5.    ”Seandainya seseorang mendapatkan sebuah kesempatan dan lokasi yang sangat tepat (untuk sebuah upacara), maka ia harus, penuh dengan cinta-kasih, menghaturkan sesajen yang dipersiapkan dengan mentega murni (ghee) kepada Yang Maha Esa
dan lalu kepada seseorang yang seharusnya menerima yaitu seorang vaisnawa (pengikut Kresna atau Maha Vishnu dan semua reinkarnasiNya),
atau kepada seorang Brahmana.
Hal ini akan menghasilkan suatu kehormatan yang bersifat abadi.”

6.       ”Pemuja tersebut harus menghaturkan sesajen kepada dewa-dewi,
kepada para kaum suci,
para leluhur,
orang-orang pada umumnya,
kerabat,
keluarga dan teman-teman beserta para relasi,
dan menganggap mereka semua ini sebagai pemuja Tuhan Yang Maha Esa.” 

7.       ”Seseorang yang sadar secara total akan prinsip-prinsip keagamaan seharusnya tidak menghaturkan sesajen dalam bentuk daging hewan,
telur ataupun ikan,
sewaktu melaksanakan upacara shradha.
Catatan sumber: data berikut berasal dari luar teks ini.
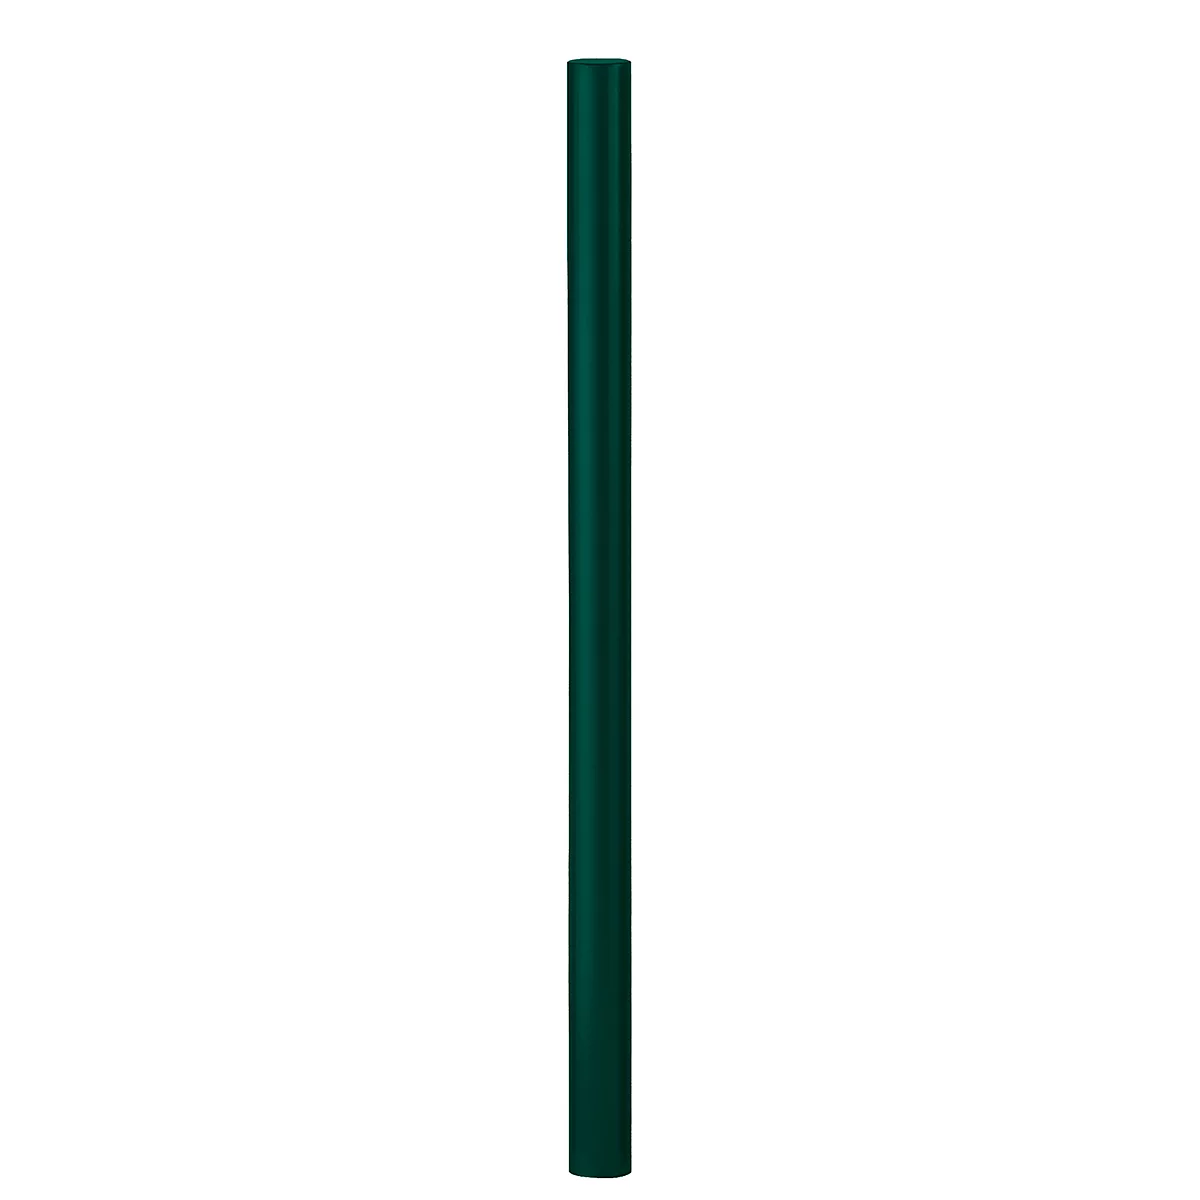 Poste de fijación de cabeza plana para papeleras, con anclaje al suelo, verde

Sewaktu suatu jenis makanan disajikan dengan tambahan ghee (mentega murni) kepada para kaum suci,
maka pelaksanaan ini akan menyenangkan hati para leluhur dan Yang Maha Esa,
mereka ini tidak pernah senang sewaktu hewan-hewan dibantai demi mengatas-namakan sesuatu upacara.” 

8.    ”Seseorang yang berhasrat untuk maju dalam penitian jalan spritualnya yang lebih tinggi dianjurkan untuk melepaskan segala ikatan (duniawi)nya dengan berbagai mahluk-mahluk hidup lainnya,
baik itu secara ragawi,
dengan menggunakan kata-kata atau pikiran.
Tidak ada sesuaru (ajaran) agama yang lebih tinggi dari hal ini.” 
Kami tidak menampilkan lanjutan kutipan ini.